# Askeria 11/14 HC sucht für 25er - 3 Raidtage!



## Sailiel (15. November 2013)

Askeria ist eine 25er Raidgilde die seit August 2006 auf dem PVE Server Sen'jin besteht. 
Hervorgegangen aus Fusionen verschiedener Top-Gilden zu Classic-Zeiten, waren wir seither stets eine 
der besten Gilden auf dem Server.

In den folgenden Add-Ons konnten wir Platz 2 und 3 auf dem Server behaupten.
Unser Anspruch ist es, mit nur 3 Raidtagen das maximum an Progress zu erreichen, und genau dazu 
suchen wir noch motivierte und fähige Spieler, um dies weiterhin im 25er umsetzten zu können.


RAIDSTATUS (im 25er) :
- 11/14 HC SoO
- 11/13 HC TdD
- 6/6 HC Mogu'shan
- 2/6 HC Herz der Angst
- 1/4 HC Terasse des Endlosen Frühlings

*Wir suchen:
1 Tank: Klasse egal (HC taugliches Gear) Zuverlässigkeit > all
2 Heiler: Monk, Schami
2 Melee: Katze, Schurke
2-3 Ranged: Eule, Ele, Hexer*

Raidzeiten:
Mittwoch: 19.15 - 23.00 Uhr
Donnerstag: 19.15-23.00 Uhr
Sonntag: 18.15 - 23.00 Uhr

Sollten im 25er Content noch Bosse in einer ID stehen, werden diese im 10/25er ausserhalb der 
Raidzeiten auf freiwilliger Basis noch gelegt.
Weiterhin gibt es eine aktive Twink-Raidgruppe.
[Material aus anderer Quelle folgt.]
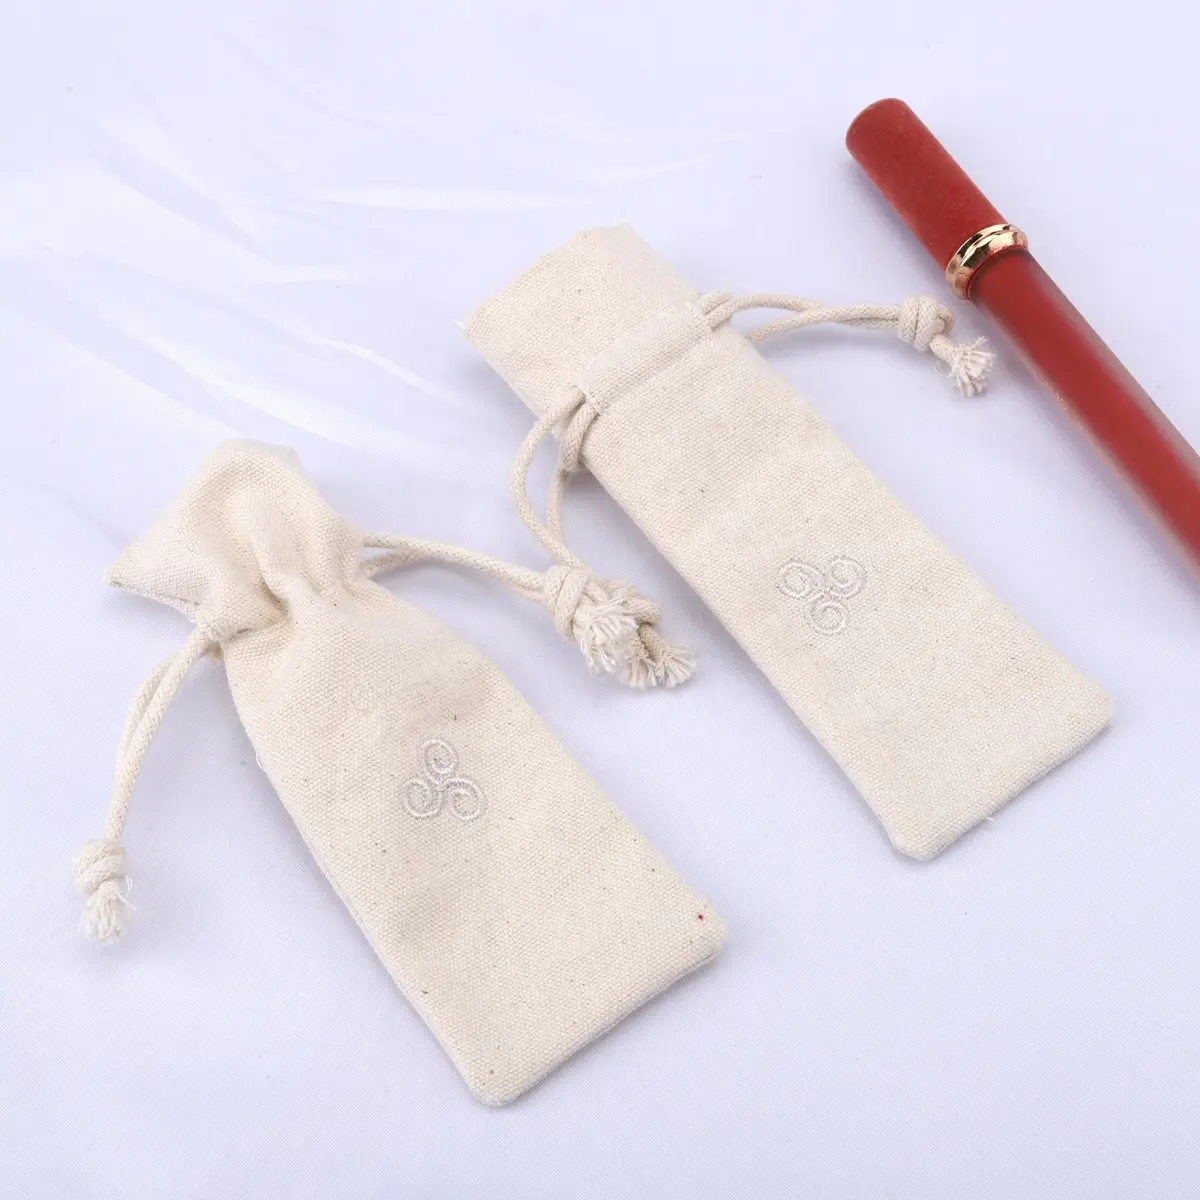 12 Unzen hochwertige Baumwolle Leinwand Make-up Beutel Kordel zug Staub Geschenk verpackung Leinwand Tasche für Lippenstift

Was ihr mitbringen solltet:
- ZUVERLÄSSIGKEIT!- Spaß und hohe Motivation am Spiel
- längere Erfahrung mit der Klasse
- Befähigung für euren second Spec sehr vorteilhaft
- eigenständiges Denken, informieren bzgl. Encountern
- optimale Verzauberungen und Sockel
- aktive Raidbeteiligung (min. 85% ) wenn ihr nur 2/3 Tagen könnt meldet euch bitte nicht!
- selbstständige Vorbereitung für Raid´s (Flask´s, Buff-Food)
- funktionierende Internetverbindung
- funktionierender PC- funktionnierendes Headset mit Micro / TS3

Wenn ihr euch hier wiederfindet und Lust auf zielorientiertes Raiden mit erwachsenen und 
sympathischen Spielern habt, bewerbt euch unter:

http://www.askeria-senjin.de
oder per /w an:
Tanks > Vittorio#2926
Heiler > Tanusha#2624
Ranged > Mutaba#2148 oder Eckes#2538  
Melees > Captnfuture#2953


----------



## Sailiel (20. November 2013)

Update 

8/14 hc


----------



## Sailiel (30. November 2013)

Update 

9/14 hc


----------



## Sailiel (5. Dezember 2013)

suche noch aktuell


----------



## Sailiel (19. Dezember 2013)

10/14


----------



## Sailiel (7. Januar 2014)

update nach den feiertagen


----------



## Sailiel (21. Januar 2014)

update 11/14


----------



## Sailiel (27. Januar 2014)

Update 

*Wir suchen:
- Tank: ---
2 Heiler: Monk, Schami
2 Melee: Katze, Schurke
2-3 Ranged: Eule, Ele, Hexer*


----------



## Sailiel (30. Januar 2014)

nochmal update 

*Wir suchen:
1 Tank: Klasse egal (HC taugliches Gear) Zuverlässigkeit > all
2 Heiler: Monk, Schami
2 Melee: Katze, Schurke
2-3 Ranged: Eule, Ele, Hexer*


----------